Als ich das mit dem Befindlichkeitsbloggen wieder einmal versuchen wollte

Manche Brunnen sind einfach nur Schächte, in die eins sich an einem Seil herablassen muss, bis das Wasser erreicht ist. Und dann hilft nur ein Sprung in das kalte Nass, um zu dem Grund zu kommen. Moderne Brunnen scheinen Fahrstühle zu haben, Förderkorb genannt, die zwar eine holprige, aber im Großen und Ganzen komfortable Fahrt in die Tiefe ermöglichen. Ich weiß nicht, wie lange es her ist, dass ich wirklich am Grund eines Brunnens gestanden bin.
War ich früher melancholisch, obwohl ich noch kaum etwas erlebt hatte, so bin ich heute nostalgisch, weil ich kaum etwas erlebt habe. Ich lache gerne über dieses Konzept der „Fear of missing out“, tatsächlich aber trifft sie mich jeden Tag. In Gesprächen über das Älterwerden fällt mir immer wieder auf, dass es gar nicht das Älterwerden an sich ist, dass ich damit eigentlich ganz gut zurechtkommen würde – es ist mehr der Fakt, dass immer jüngere Menschen nachkommen und nun jung und cool sind.

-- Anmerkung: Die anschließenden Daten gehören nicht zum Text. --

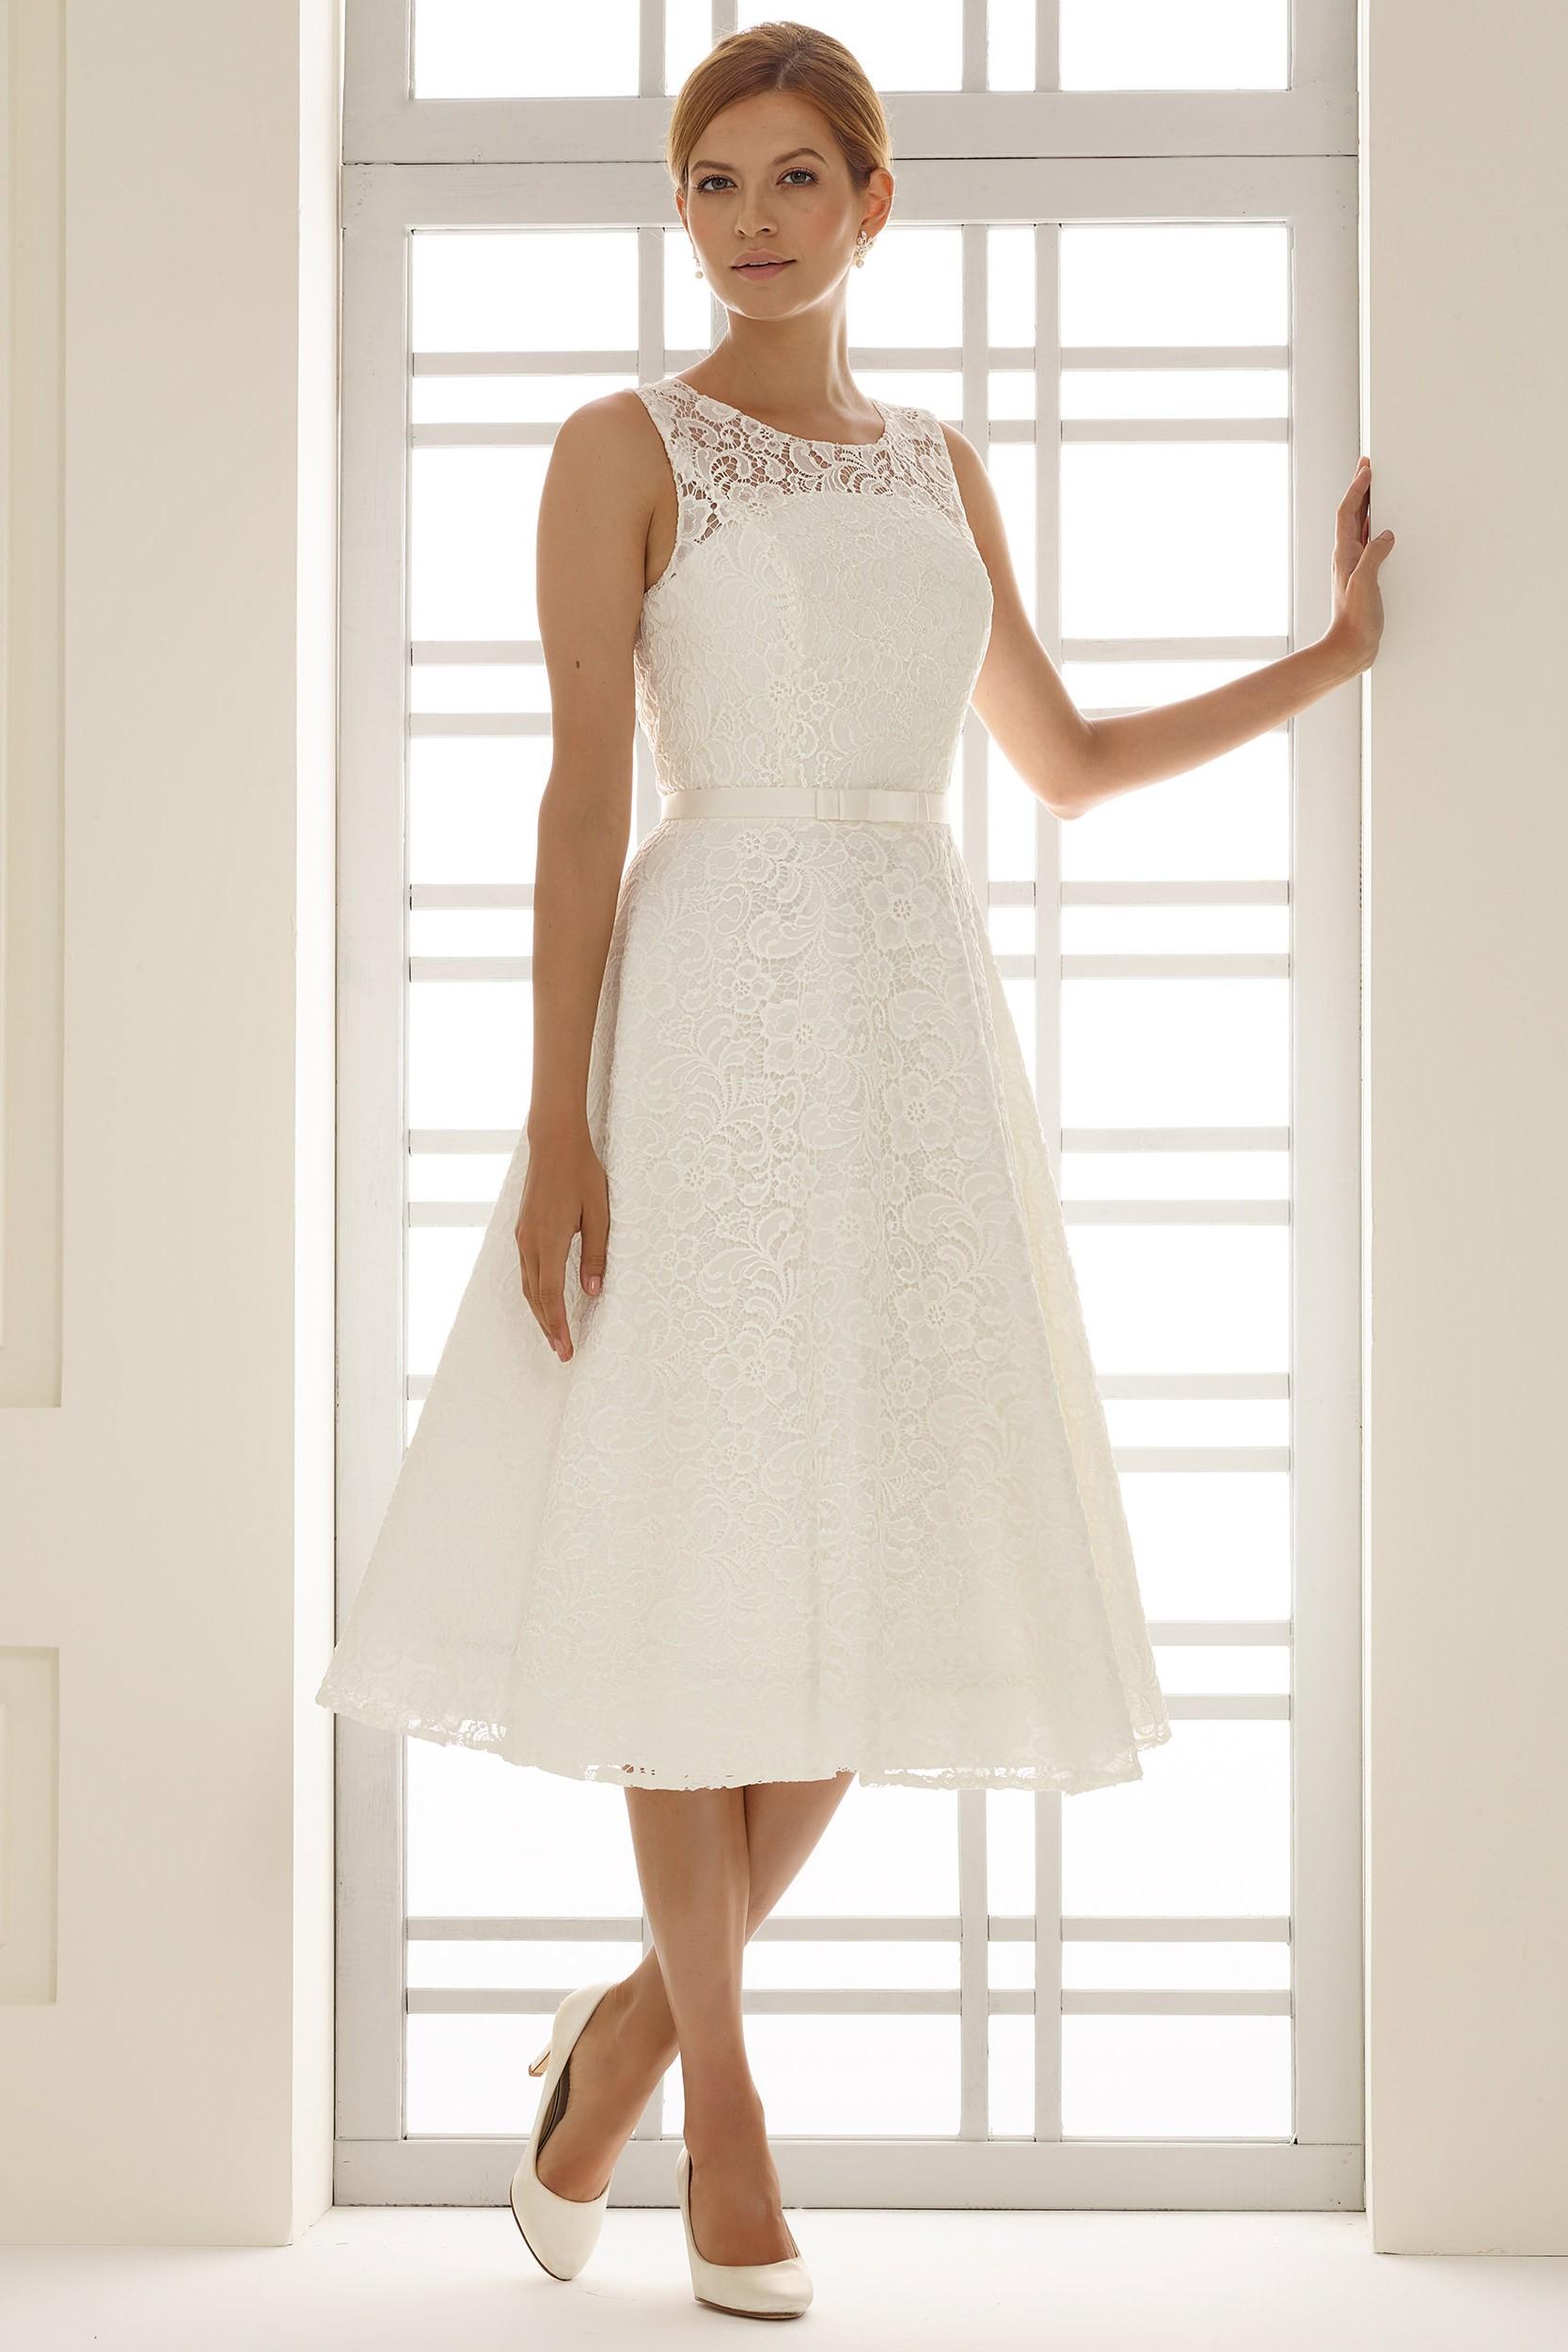 caba379900a2 Civil Wedding Collection- νυφικά για πολιτικό γάμο- Pink Cloud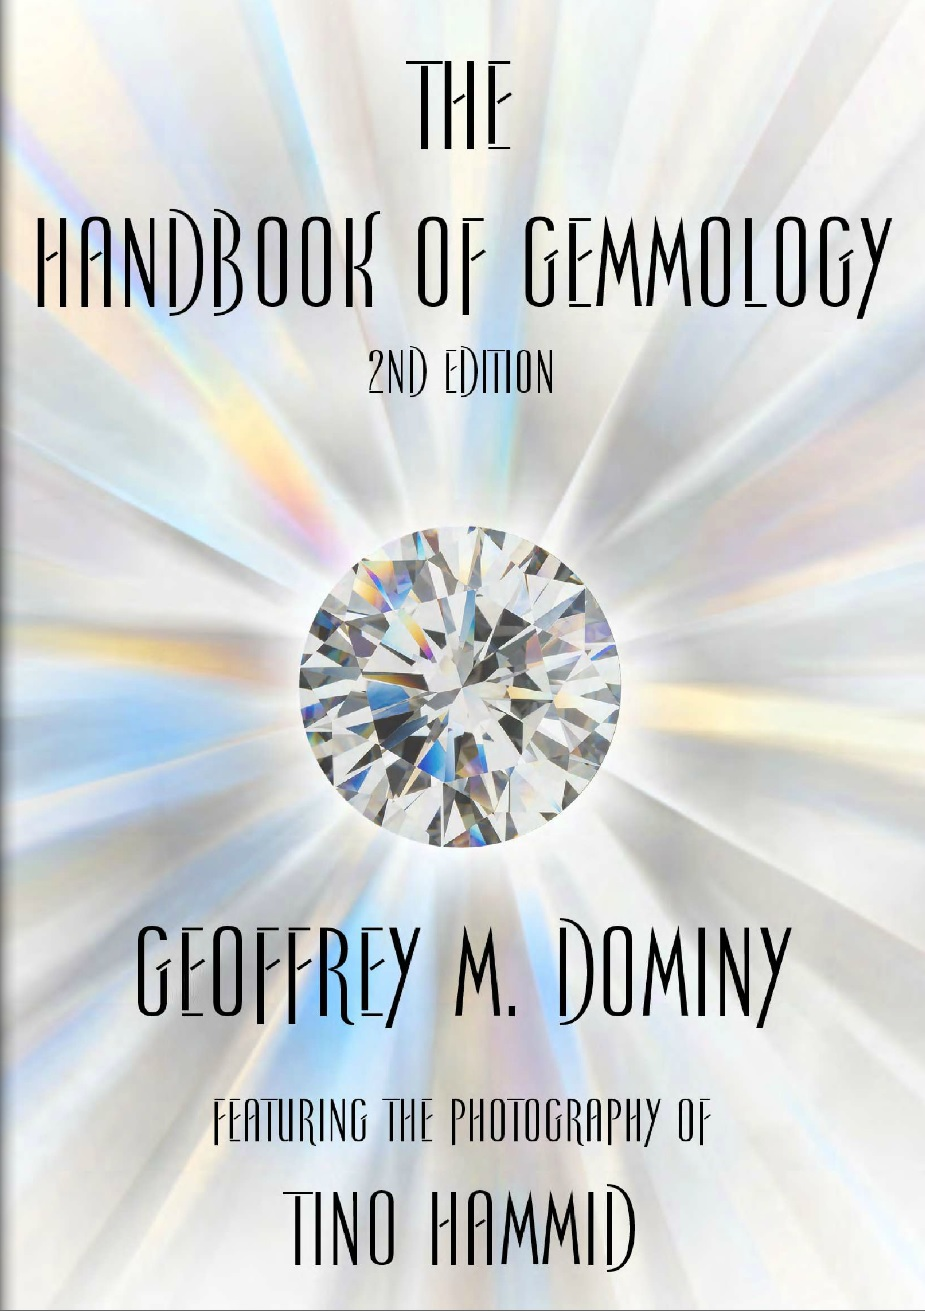 The Handbook of Gemmology

Immerhin gab es früher mal Leute, zu denen ich aufblickte, die ich – ob zu Recht oder Unrecht – für unglaublich cool hielt und die ungefähr in dem Alter waren, in dem ich jetzt bin. Vielleicht gibt es ja junge Menschen da draußen, für die ich eine ähnliche Rolle spiele. Wohl eher nicht. Ich mein, was hat euch so ruiniert und wollt ihr nicht lieber eine Person mit einem Youtube-Kanal? Und falls ja: Fangt bitte nicht mit dem Rauchen an, das ist das uncoolste, was ich tue.
Aber eigentlich rauche ich ja überhaupt nicht. Das stand auf einem Umschlag, den ich aus Island geschickt bekommen habe, und bis zum Ende meines Wien-Aufenthalts hing er an der Wand. Am zweitletzten Tag, mitten in dem großen Umzugschaos, kommt K. nochmal vorbei und wir rauchen den Inhalt gemeinsam – obwohl ich ja eigentlich überhaupt nicht ehschonwissen. Vielleicht war das der Moment, in dem ich aufhörte melancholisch zu sein und nostalgisch wurde. La joie d‘être triste ist beides und in Wirklichkeit wäre es vermutlich ein Zeichen von Erwachsenenwerden, sich eine ordentliche Diagnose abzuholen.
Auch der Fahrstuhl endet im Wasser, das wesentlich bedrohlicher ist, wenn es knöchelhoch in einem Minenschacht steht. Ich möchte wieder singen. Das Lied, das ich immer singe, wenn ich nicht weiß, wo ich bin, wenn ich nicht weiß, wie es weitergehen soll. Aber hier, tief unter der Erde, singt kein Chor, kein Vogel, es zirpt nicht einmal eine Grille. Der große Seelenzeppelin wirkt unfassbar weit weg, und ich bin auf mich alleine gestellt. In mir alleine.